Gelinen noktada örtülmeye çalışılan gerçekler her gün daha fazla açığa çıkıyor. Günü kurtarmaya yönelik hamlelerin hükümetin imajını anlık olarak kurtardığı ancak uzun vadede kalıcı olmayacağı Nebati’nin açıklamalarıyla ortaya çıktı. Yaşanan sıkıntılar ise çok daha yakıcı. Enerji ve Tabii Kaynaklar Bakanlığının açıkladığı resmi rakamlara göre 2021’de faturasını ödeyemediği için 3,4 milyon elektrik abonesinin ve 1,1 milyon doğalgaz abonesinin aboneliği askıya alındı.

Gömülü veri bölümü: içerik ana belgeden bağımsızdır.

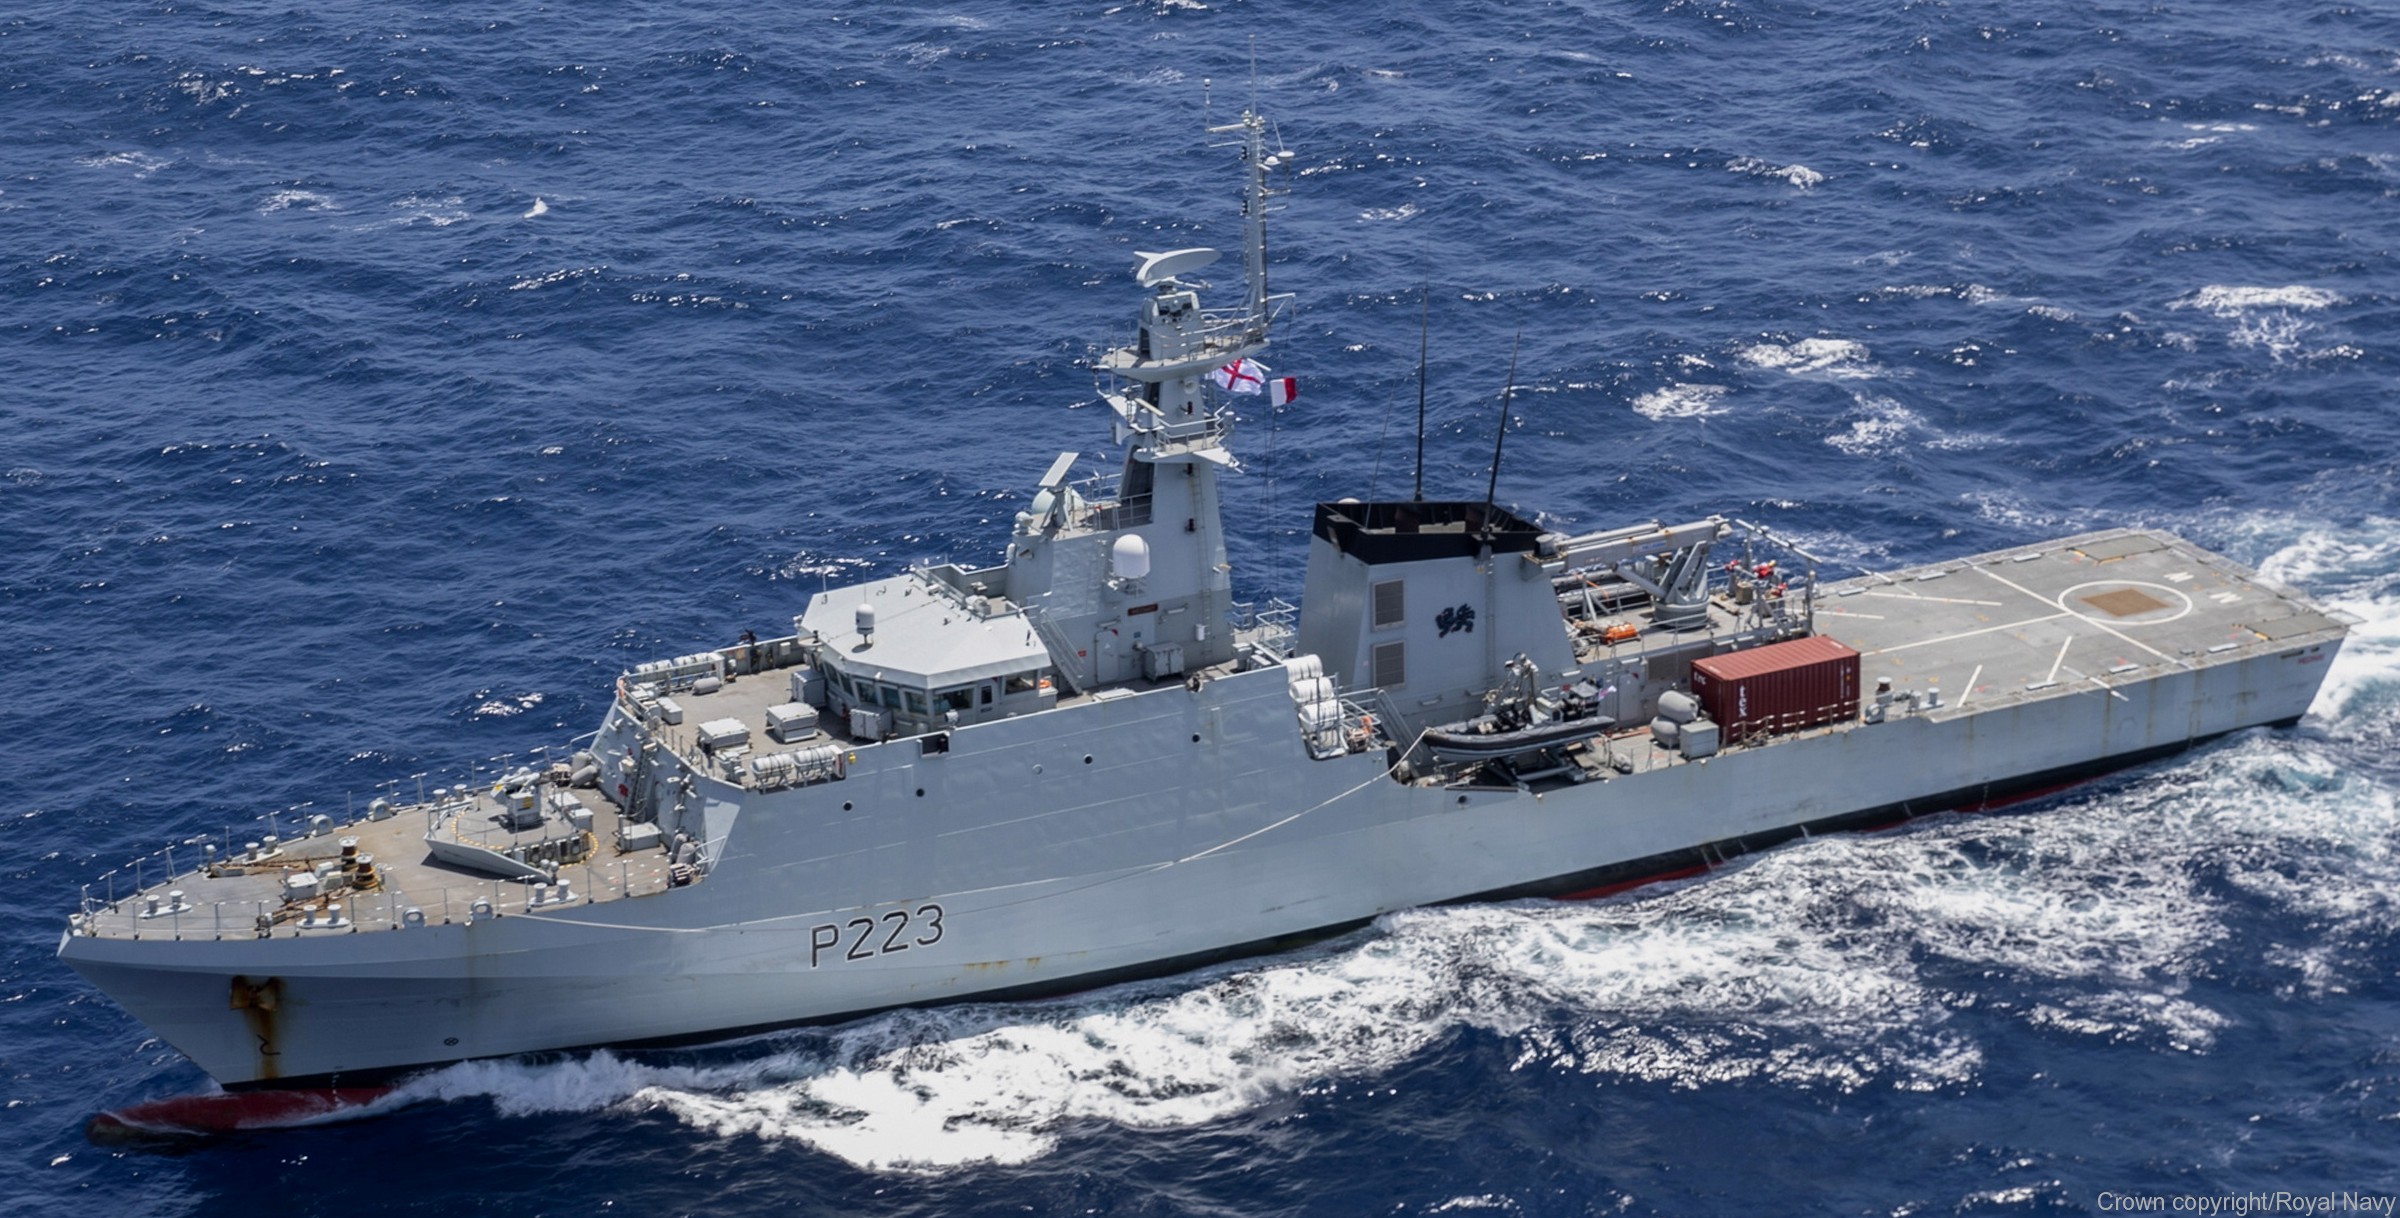 p223 hms medway river class offshore patrol vessel opv royal navy 19

Bunun sadece hane sayısı olduğu düşünüldüğünde, milyonlarca insanın faturası ödeyemediği korkunç bir tabloyla karşılaşıyoruz. Aile ve Sosyal Hizmetler Bakanı Derya Yanık, geçtiğimiz aylarda yaptığı bir açıklamada 2,1 milyon haneye elektrik tüketim desteği verildiğini “övünerek” anlatıyordu. Belediyelerin sağladığı sosyal yardımlara başvuru sayısı çığ gibi artıyor. Her ne kadar işsizlik oranlarında bir düşüş olduğu söylense bile, sanayi kullanım kapasitesinin azaldığı düşünüldüğünde rakamların gerçeği ifade ettiğini söylemek mümkün değil.
Hükümetin güvence olarak gördüğü, turizm gelirlerinin ise bu şartlar altında istenilen düzeyde olmayacağı ortada. İhracat artışı ve buna bağlı olarak beklenilen cari açıktaki azalma beklentisi ise “hayal” oldu. “Yeni ekonomik model” daha başlamadan çöp oldu. Bakan Nebati’yi ağzından artık kerpetenle laf alınıyor. Gözlerdeki “ışıltı” gitti, yerine önümüzdeki süreçte “her şeyin olumlu olacağına dair” temelsiz beklentiler gelmiş durumda.
Böylesi bir durumda herkesin ortak gördüğü şey ise enflasyonun kalıcı hale gelmesi. Örneğin akaryakıt fiyatları düşünüldüğünde, enflasyon sabit kalsa bile eski fiyatlara dönmek asla mümkün olmayacak. Tükettiğimiz hiçbir şeyi daha ucuza alamayacağımız, fiyatlar sabit kalırsa buna “şükredeceğimiz” bir ekonomik düzen oluştu.
“Belirli gıda fiyatlarının sabitlenmesi” gibi bir seçeneğin konuşulması tam da bu dönemin ruhuna uygun bir çözüm. Marketlere baskın yaparak enflasyonla mücadele eden bir iktidardan beklenen bir hamle olabilir. Baskılanan kurun maliyetinin halka ödetilmesi gibi, gıda fiyatları üzerinden de bu tür bir yönelime girilmesi muhtemel. İstatistiğin hükümetin emrine amade olduğu, gerçeklerin değil algıların önemsendiği bir ülkede, vatandaşın gerçek maliyetlerini bilmediği bu tarz çözümlerin peşinden gitmesi mümkündür.
Türkiye, enflasyon rakamlarında AKP’nin iktidara geldiği 2002’ye dönmüş durumda. Ancak bu aşamadan sonra “iyi gitmesi beklenilen şeylerin aksaması” gibi bir durum söz konusu olduğunda, 90’lı yıllardaki hiperenflasyonlu günleri tekrar yaşamak da çok uzak bir ihtimal değil.